Internal medicine is much like an abusive relationship. There's a lot of fear and anger and sleepless nights during the whole experience but after you leave them you always look back with a weird amount of positivity.
For a lot of medical school, students are treated (with pretty good reason) like barely functioning, hung-over hooligans who shouldn't be given a bag of sand to look after much less a living patient. Not so on your third year internal medicine rotation. Your patients are your responsibility, and nobody second guesses your management plans except to tweak it or give suggestions. For myself, it was the first time I threw on the big boy stethoscope. You feel like a real doctor. Besides that you learn an incredible amount and you work with some of the smartest residents and attending doctors in medicine. This really makes all the difference in an intense situation like an internal medicine ward - I had three very intelligent and patient senior residents who taught me a lot. Same goes for my three attending physicians.
On the other hand though, my internal medicine rotation was the most grinding, gruelling marathon in which I've ever participated. Looking back I think I easily worked 100+ hours per week. My day started at 645AM when I would come in to Health Sciences Centre in Winnipeg to see my patients, check labs, make a plan, etc. We would round on patients (walk around, say hello, examine them, make orders, call consultants) until about 1130 and then in the afternoon we would write notes, do procedures and get some teaching from the senior medical resident. Sign-out rounds (sitting down and talking about what happened during the day for each patient and talking about any patients coming to the ward that night) were at 5PM and then anything else that hadn't been accomplished would be completed after that.
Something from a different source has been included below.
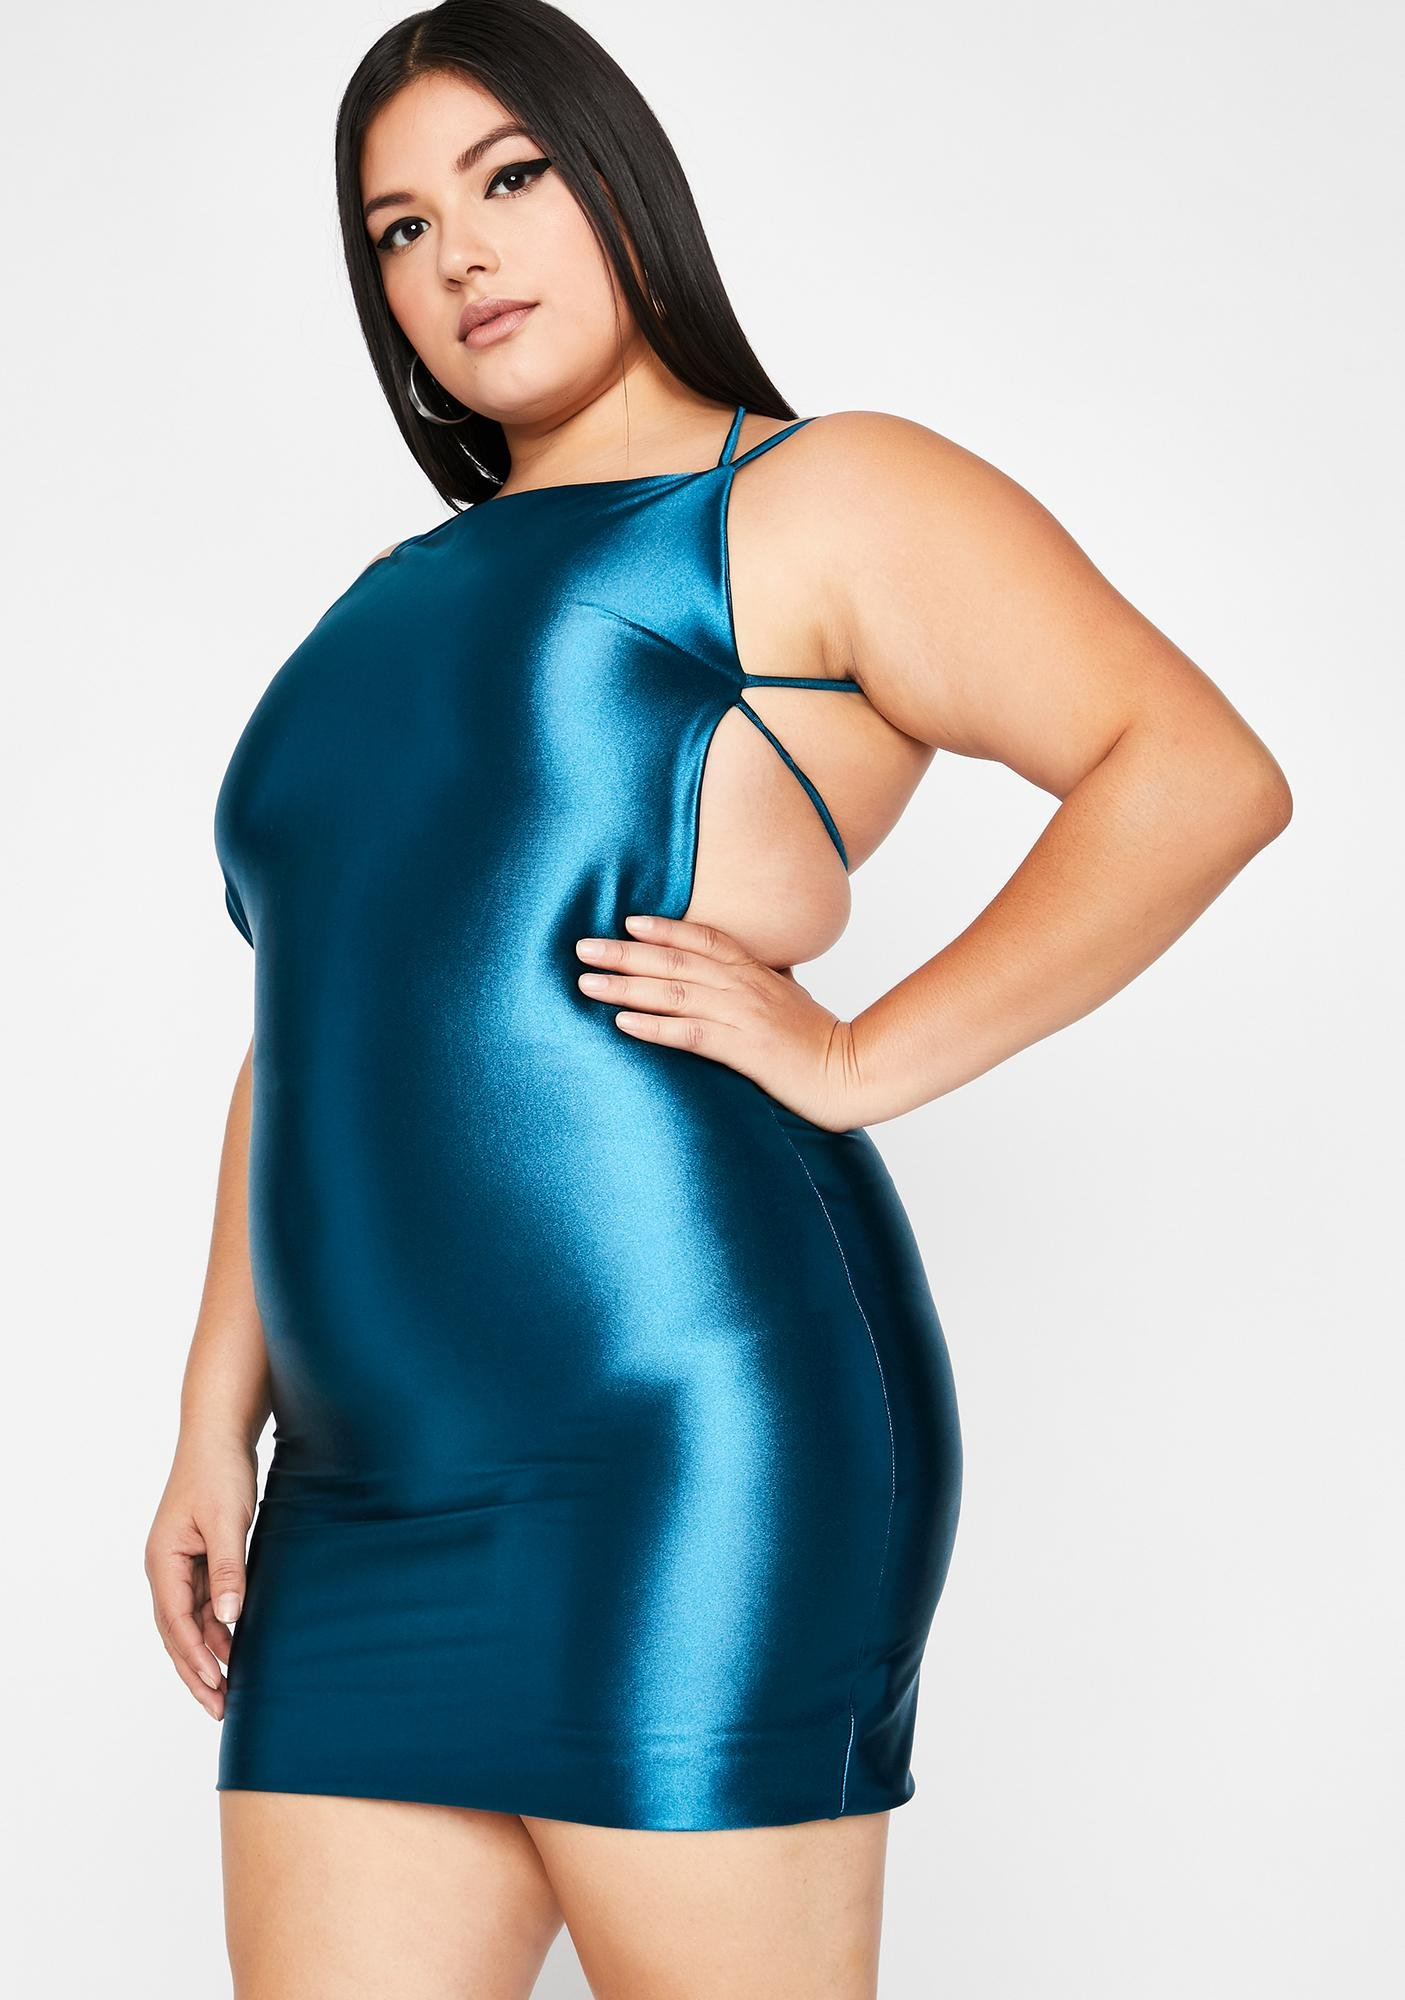 Cash Viral Status Satin Dress
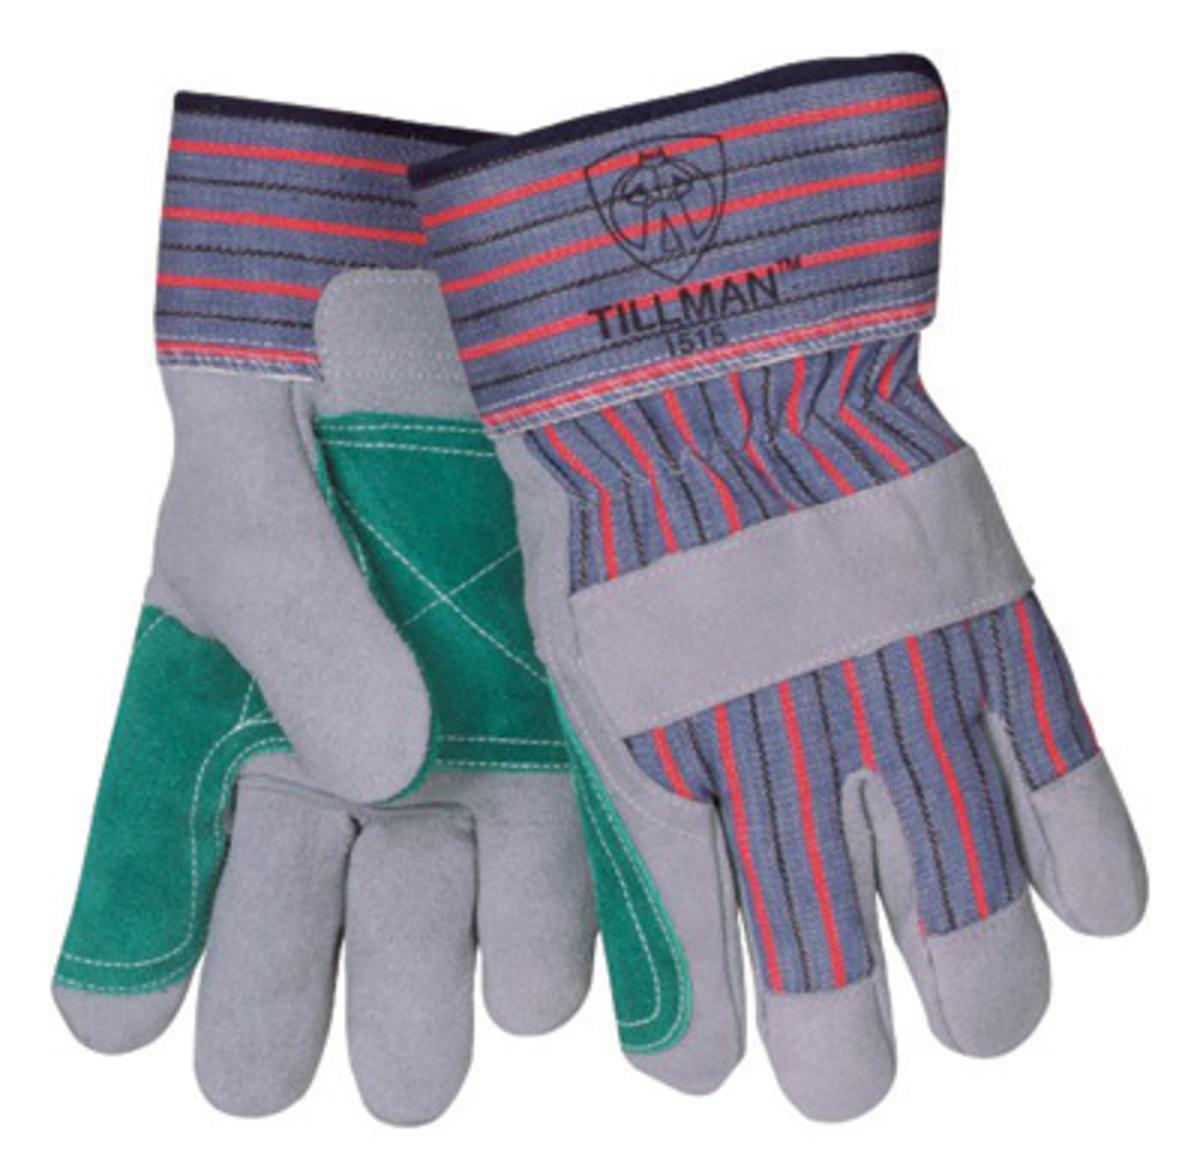 Gauntlet cuff leather work gloves - Tillman Large Standard Grade Shoulder Split Cowhide Leather Palm Glove With 2 1 2

630PM days were pretty normal unless you were on call in which case, saddle up, because you're here for the next 14ish hours. One person from the team would always stay on the ward overnight and for me it was always a special experience. When on call at Health Sciences, your night consisted of making sure no one died, pronouncing people who died, admitting new patients to the ward, writing orders for patients who needed medication changes, getting called to an imminently dying patient and if you were lucky maybe an hour or two of sleep. You then got to go home after presenting your patients on rounds the next morning and slept for the entire day (your post-call day). Wash, rinse and repeat the next day. Call, for me, was about every four days (on average - an important distinction).
Because of this most of my classmates, and myself, look back at these six weeks with an almost Stockholm Syndrome-like reverence. It's the most immersive learning experience I have ever had (and an overall positive one) but because the above is pretty typical of internal medicine residencies, it doesn't have a reputation for being a job with a balanced lifestyle. I once had a senior internal doctor tell me verbatim "nobody gives a shit about how well-rounded their doctor is, so study more", which seems harsh but if I was sick and in the hospital I would want this guy looking after me, no questions. Internal medicine docs have a reputation for being exceptionally smart and being great problem solvers, but they don't have a lot of hobbies.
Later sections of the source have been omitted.